鼠李半乳糖醛酸聚糖I在番茄果实软化中的作用机制

Fruit softening regulation has been the critical topic in the reseach area of fruit and vegetable storage and preservation. Enzyme-stimulated degradation of pectin is the primary reason for fruit softening. In previous studies, we found that RG-Lyase made changes on RG-I of cell walls that led to cell separation and tissue breakdown. However, the patterns and mechanisms of RG-Lyase in regulating RG-I degradation in cell walls, as well as the close relationship with fruit texture are not clear. In this project, we will choose tomato as the model plant and generate transgenic tomato plants in which endogenous RG-Lyase is over or silence expressed to alter the structure of RG-I in tomato fruit. The relationship between RG-I and fruit softening is established by comparing the physiological changes such as firmness and texture of transgenic tomato. On this basis, on one hand we explore the molecular structural changes of plant cell wall polysaccharides of transgenic tomato fruits through GC-MS analysis. On the other hand, the cell wall polysaccharides are accurately localized by specific antibodies, combined with chemical and enzymatic digestion which selectively digest cell walls, to understand the pattern of cell wall polysaccharide cross-linking and degradation. Besides, the ultrastructure of cell walls is investigated through microscope and spectroscopy. Thus the close relationship between RG-I and texture in tomato fruit is illustrated with respect to the molecular structure and microstructure of cell walls. These results contribute to a deep understanding of pectin and are expected to provide a new way for the regulation of fruit quality.

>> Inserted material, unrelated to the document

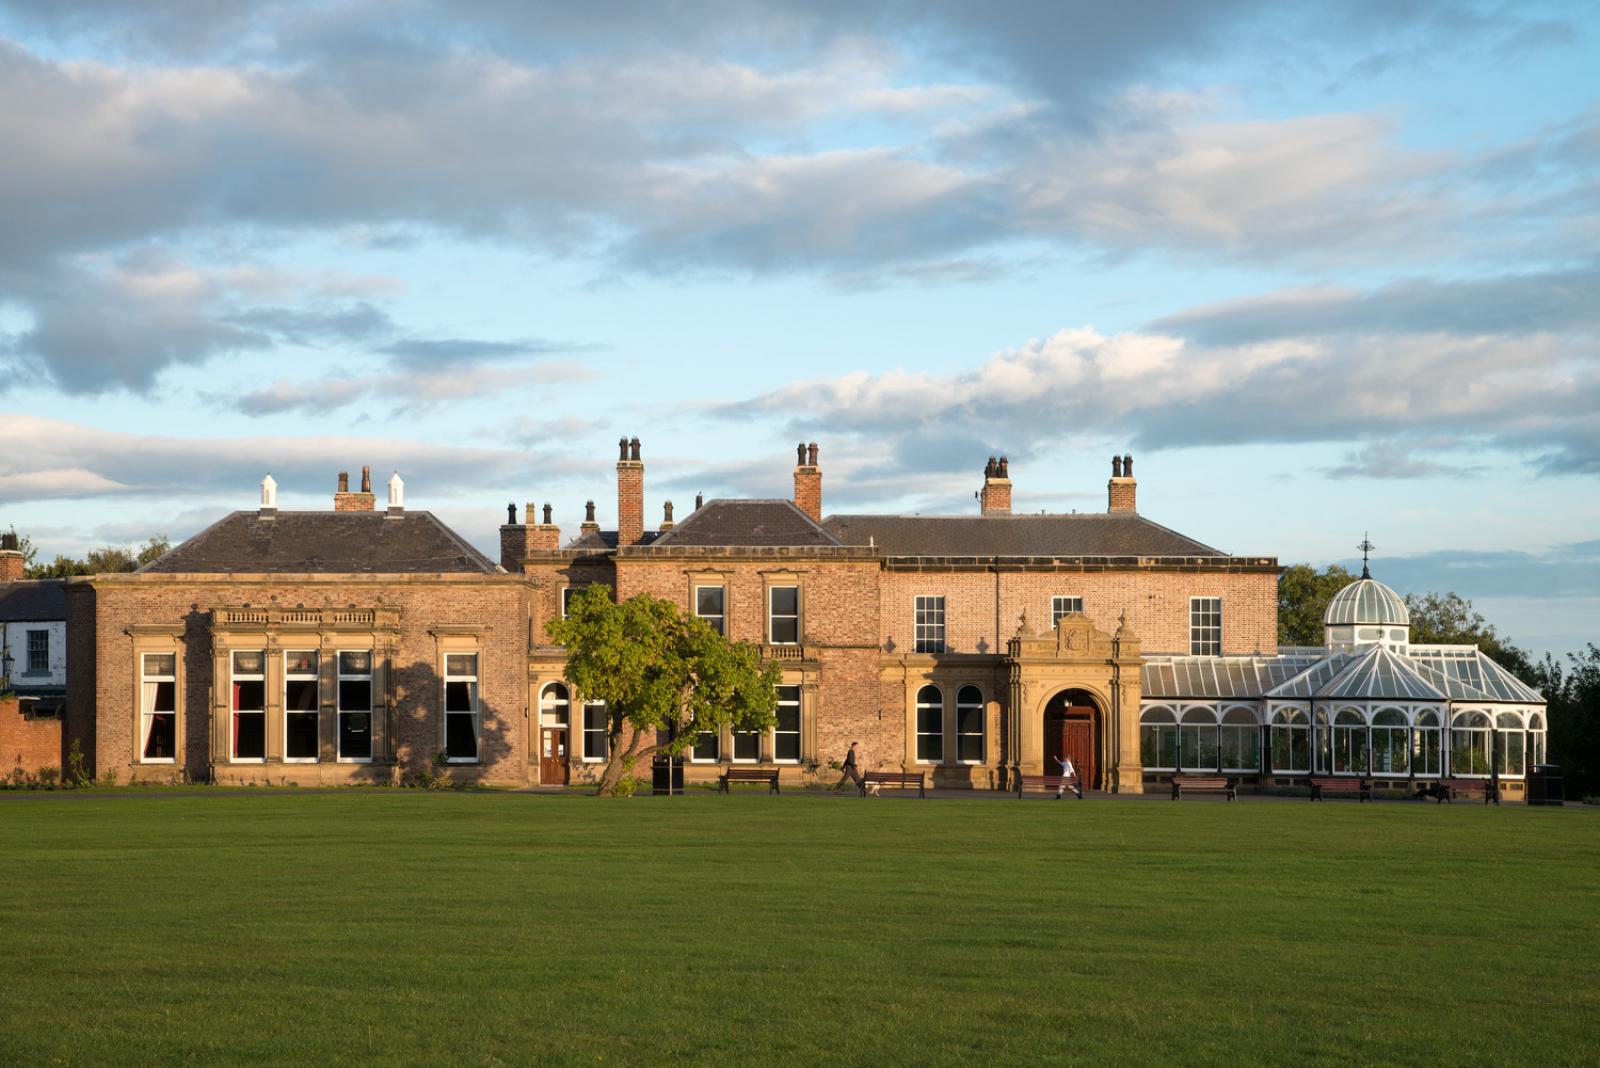 Exterior image of the Grade II listed Preston Park Museum.

控制果实软化一直是果蔬贮藏保鲜研究的重点，果胶酶促降解是果实软化最重要的原因。前期研究发现果胶主要成分RG-I经主链裂解酶催化降解可以增加细胞分离引起组织松散。然而RG-I降解规律以及RG-I在果实软化中的作用机制仍不清楚。本研究以模式植物番茄为研究对象，通过过表达和沉默表达果实内源RG-I裂解酶编码基因，改变果实内RG-I的存在形式，对比转基因果实硬度、质地等生理变化，建立RG-I与果实软化的关系。在此基础上，利用气相色谱-质谱分析转基因果实中果胶等多糖分子结构变化；利用多糖结合抗体结合化学和酶法定位多糖的动态分布并根据选择性降解结构推断细胞壁多糖分子交联变化模式，利用显微镜和光谱技术表征细胞壁微结构变化，综合分析RG-I在果实软化中的作用机制。研究结果可以加深对果胶的认识，有望为果实品质可控调节提供新途径。

前期研究发现果胶主要成分RG-I经主链裂解酶催化降解可以增加细胞分离引起组织松散。然而RG-I降解规律以及RG-I在果实软化中的作用机制仍不清楚。本项目重点研究RG-I型果胶在植物组织结构中的重要作用。本研究以模式植物番茄为研究对象，利用气相色谱质谱分析转基因果实中果胶等多糖分子结构变化；利用多糖结合抗体结合化学和酶法定位多糖的动态分布并根据选择性降解结构推断细胞壁多糖分子交联变化模式，利用显微镜和光谱技术表征细胞壁微结构变化，综合分析RG-I在果实软化中的作用机制。研究发现RG-I可以广泛与半纤维素、木质素交联，影响细胞间的黏连作用，从而调控组织完整性和果实硬度。并且RG-I对细胞黏连的调控广泛存在于植物体中，并根据植物细胞壁的组成结构不同而异。研究发现细胞紧密程度是决定组织完整性、果实质地的关键因素，而RG-I型果胶通过与纤维素、半纤维素交联决定细胞紧密程度。在番茄果实发育与成熟过程中，RG-I型果胶分支度越高与木葡聚糖的结合程度越广泛，细胞间紧密度越高。RG-I型果胶完整度和分支度与果实硬度呈显著正相关。RG-I型降解伴随番茄果实硬度的急速下降。RG-I型果胶在维持细胞壁完整性和致密性中也发挥重要作用，从而影响细胞壁修饰酶等小分子物质与细胞壁的接触与相互作用。为加强RG-I型果胶在植物采后生理中特别是结构质地等方面的深入认识，以木本、禾本植物杨树、红松和水稻秸秆为研究对象，重点研究在木质素-半纤维素-纤维素骨架结构下，RG-I型果胶在调节细胞黏连中的作用规律。研究发现RG-I不但在被子植物也在裸子植物细胞间黏连中的作用，说明RG-I与细胞壁其他组成多糖如半纤维素、木质素的交联作用是植物体内普遍存在的。此研究从全新的角度对RG-I型果胶进行了深入研究，为调节果实质地及高效利用纤维素基生物质提供新的思路。